I am quite confused about when a SettingWithCopyWarning is raised. For example:
import pandas as pd
df0 = pd.DataFrame([["Fruit", "Apple", 12, 0.3],
["Fruit", "Orange", 23, 0.2],
["Dairy", "Milk", 4, 1],
["Dairy", "Cheese", 1.0, 9.5],
["Meat", "Pork", 8, 11],
["Meat", "Buffalo", 2, 18],
["Fruit", "Strawberry", 45, 2.2]],
columns=["Type", "Item", "Quantity", "Price"])
df1 = df0.loc[df0.loc[:, "Price"] < 10, ["Type", "Item", "Price"]] # a copy(?)
df2 = df0.loc[df0.loc[:, "Price"] < 10] # also a copy, but maybe this is not always the case?

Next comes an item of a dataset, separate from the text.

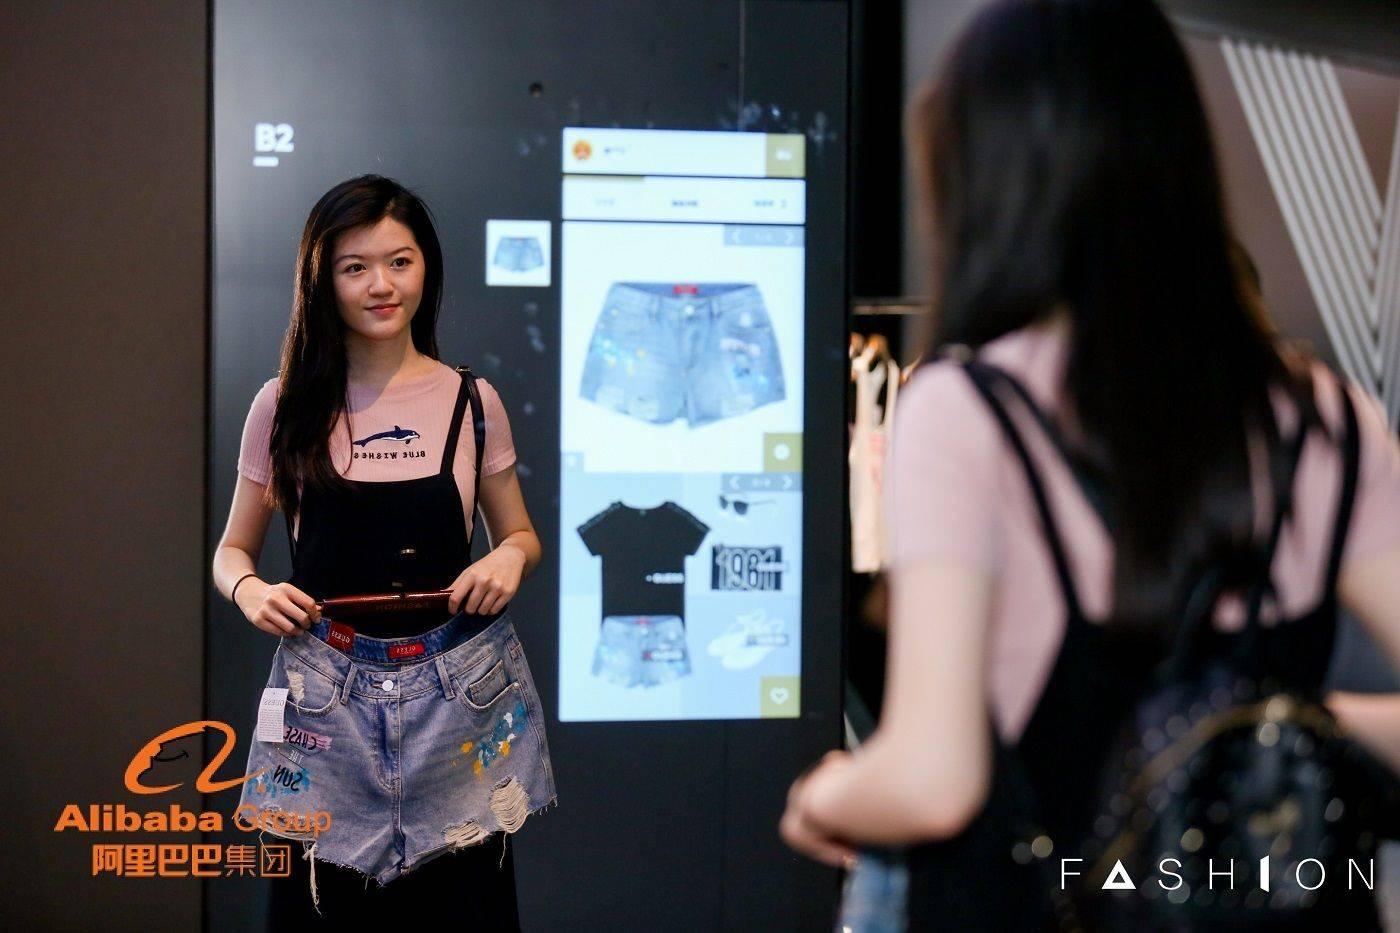 服饰快闪店了解一下,在一间没有导购员的服装店买衣服是一种怎样的体验?

df1.loc[1, "Item"] = "Banana" # works fine
df2.loc[1, "Item"] = "Banana" # raises SettingWithCopyWarning
It seems that df1 is always a copy, whereas, df2 is not always a copy (this time df0does not change though). Why does this happen? I am more interested in understanding the reason than avoiding the warning itself. I read pandas' documentation on view vs copy, but it is not too enlightening on what loc returs. Quoting:
dfmi.loc is guaranteed to be dfmi itself with modified indexing behavior
and immediately afterwards:
Of course, dfmi.loc.__ getitem__(idx) may be a view or a copy of dfmi
I saw many interesting discussions, here, here, here (and a few more), but none provides a reproducable example and none actually explains what happens when .loc is used. I saw that sometimes false positives can exist and that there are some workarounds (turn off warning, set .is_copy = False), but these fail to actively tackle the problem.
Any insight? Why is it ok to modify df1 but not df2?